The International Federation of Organic Agriculture Movements IFOAM (www.ifoam.org) defines organic agriculture as follows (IFOAM, 2009):
Organic agriculture is a production system that sustains the health of soils, ecosystems and people. It relies on ecological processes, biodiversity and cycles adapted to local conditions, rather than the use of inputs with adverse effects. Organic agriculture combines tradition, innovation and science to benefit the shared environment and promote fair relationships and a good quality of life for all involved.
Thus, organic farming is based on a number of objectives and principles designed to minimise the human impact on the environment, while ensuring the agricultural systems operate as naturally as possible. Furthermore, organic farming is also part of a larger supply chain, which encompasses food processing, distribution and retailing sectors (Lampkin, 1990; IFOAM, 2006).

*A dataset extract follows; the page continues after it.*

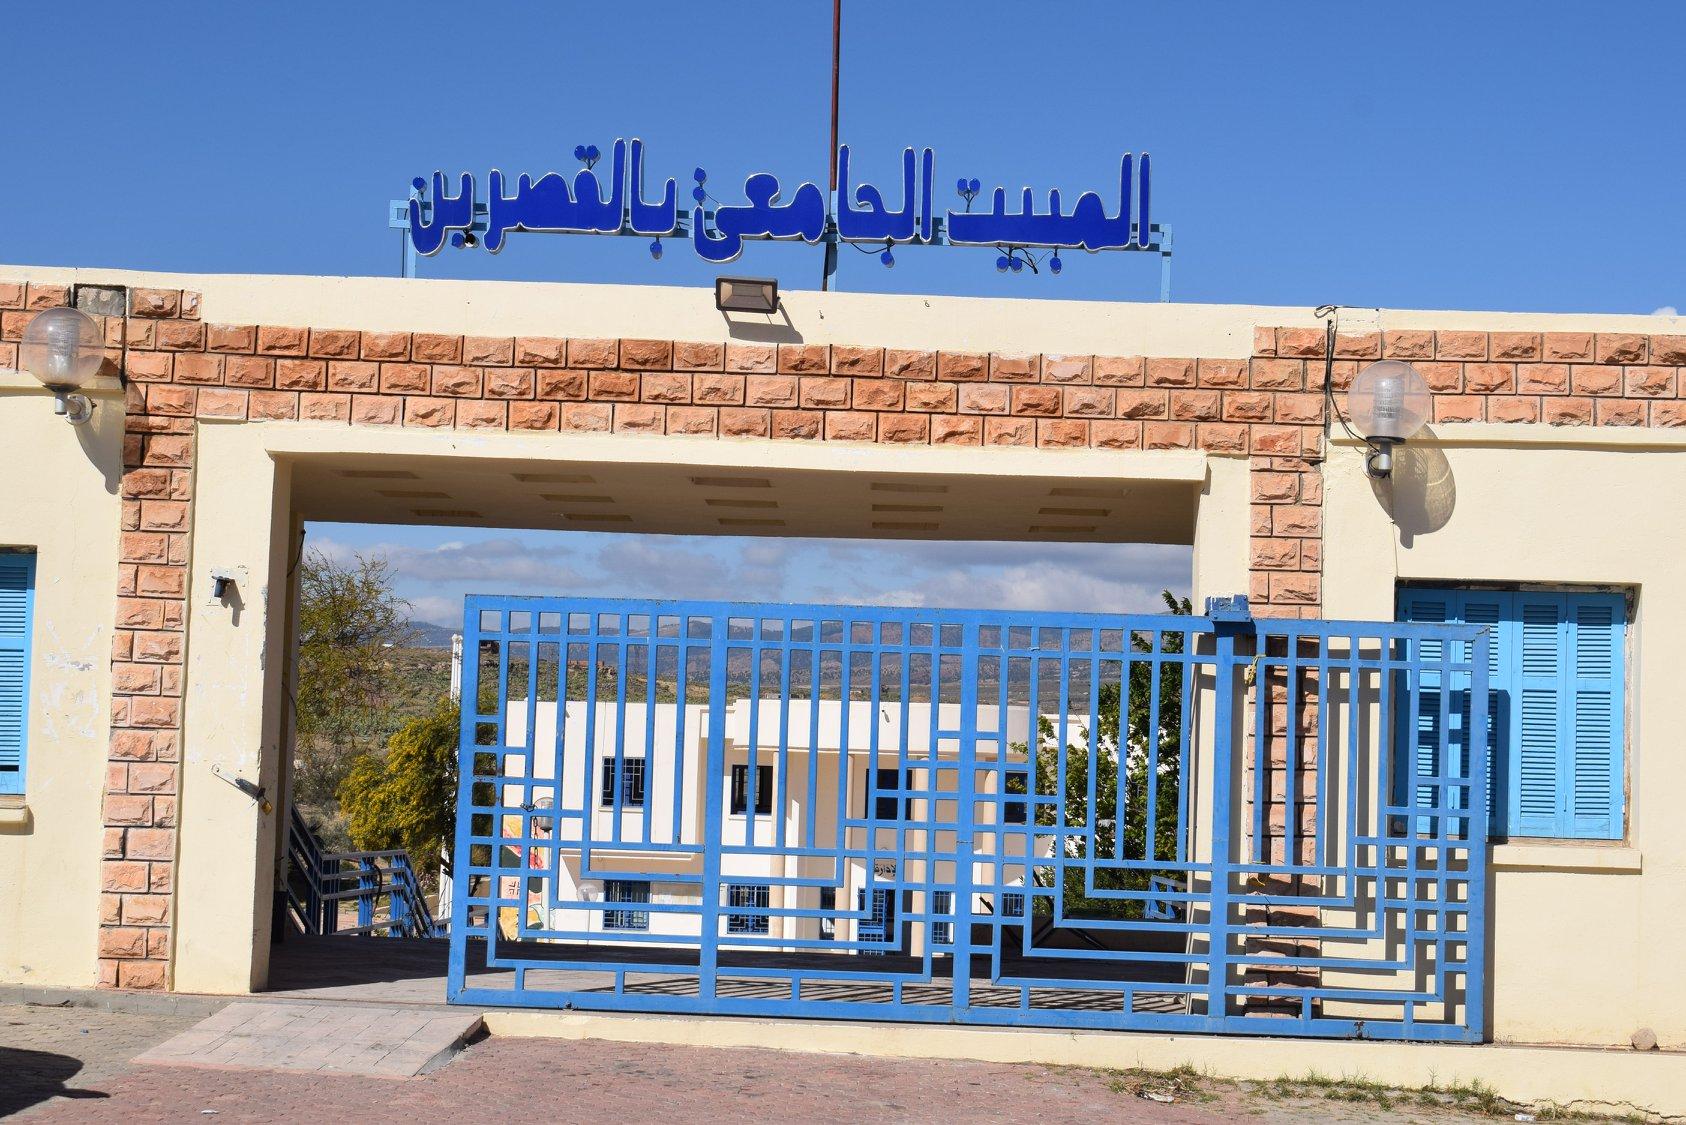 القصرين: مصابان بفيروس كورونا يدخلان في إضراب جوع

- Absolute prohibition of the use of genetically modified organisms.
- Wide crop rotation as a prerequisite for an efficient use of on-site resources.

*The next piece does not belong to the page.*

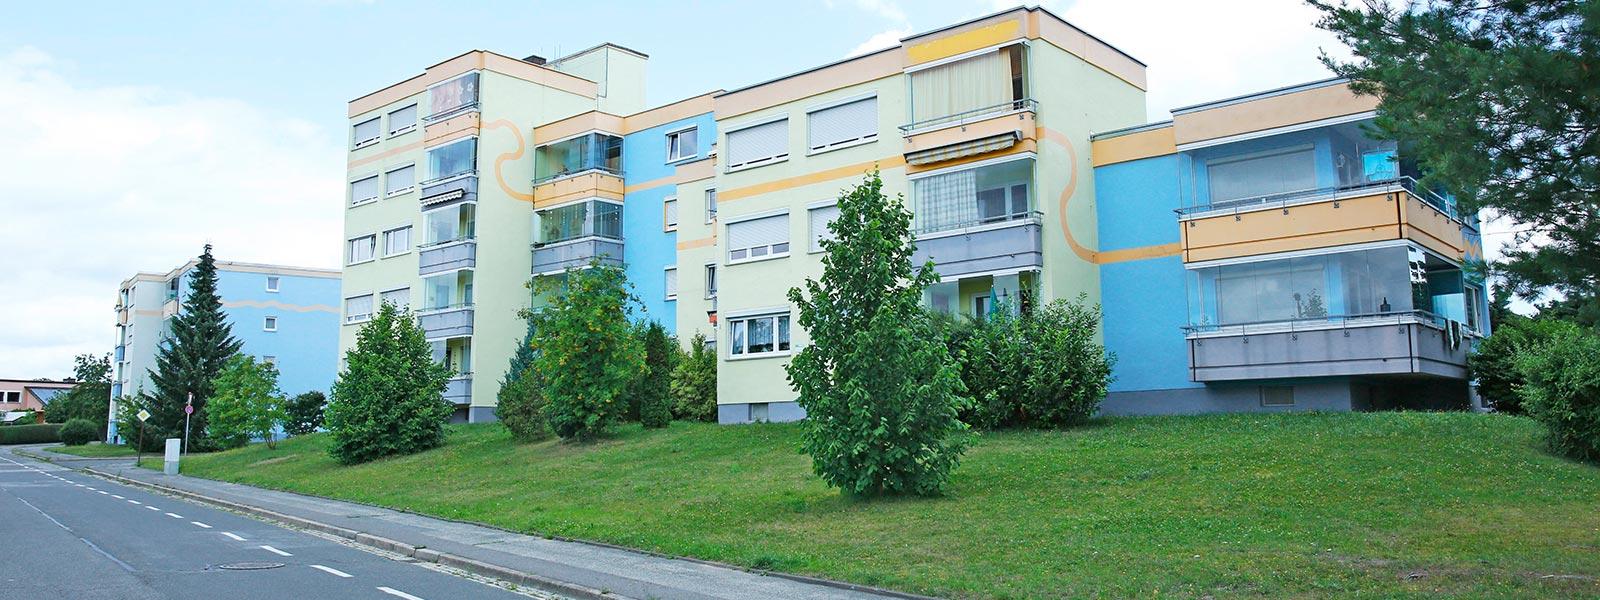 GWG-Wohngebiet-Lenaustraße-Titel

- Taking advantage of on-site resources, such as livestock manure for fertiliser or feed produced on the farm.
- Choosing plant and animal species that are resistant to diseases and adapted to local conditions.
- Raising livestock in free-range, open-air systems and providing them with organic feed.
- Using animal husbandry practices appropriate to different livestock species.
In 2009 approximately 37 million hectares were managed organically worldwide, this amounts to 0.85% of the total agricultural land. From 1999 to 2009 the organically managed land area increased by 300%, with Latin America and Europe showing the highest increase in the past years (+34% and +22% respectively between 2007 and 2009). Oceania has one third (33%) of the global organic agricultural land comprising mostly of pastures, followed by Europe (25%), which has the largest share of crop land and Latin America (23%). Africa is the continent with the most organic producers (40% of 1.4 million producers), which are mostly organized in smallholder grower groups, followed by Asia (28%). Within the period of 1999 and 2009, the numbers of organic producers rose from 0.2 to 1.8 million worldwide. Key crops in organic agriculture are cereals, followed by coffee, olives, cocoa, vegetables and nuts. The main markets for organic produce are North America (48.1%) and Europe (47.9%) (Willer and Kilcher, 2010, 2011).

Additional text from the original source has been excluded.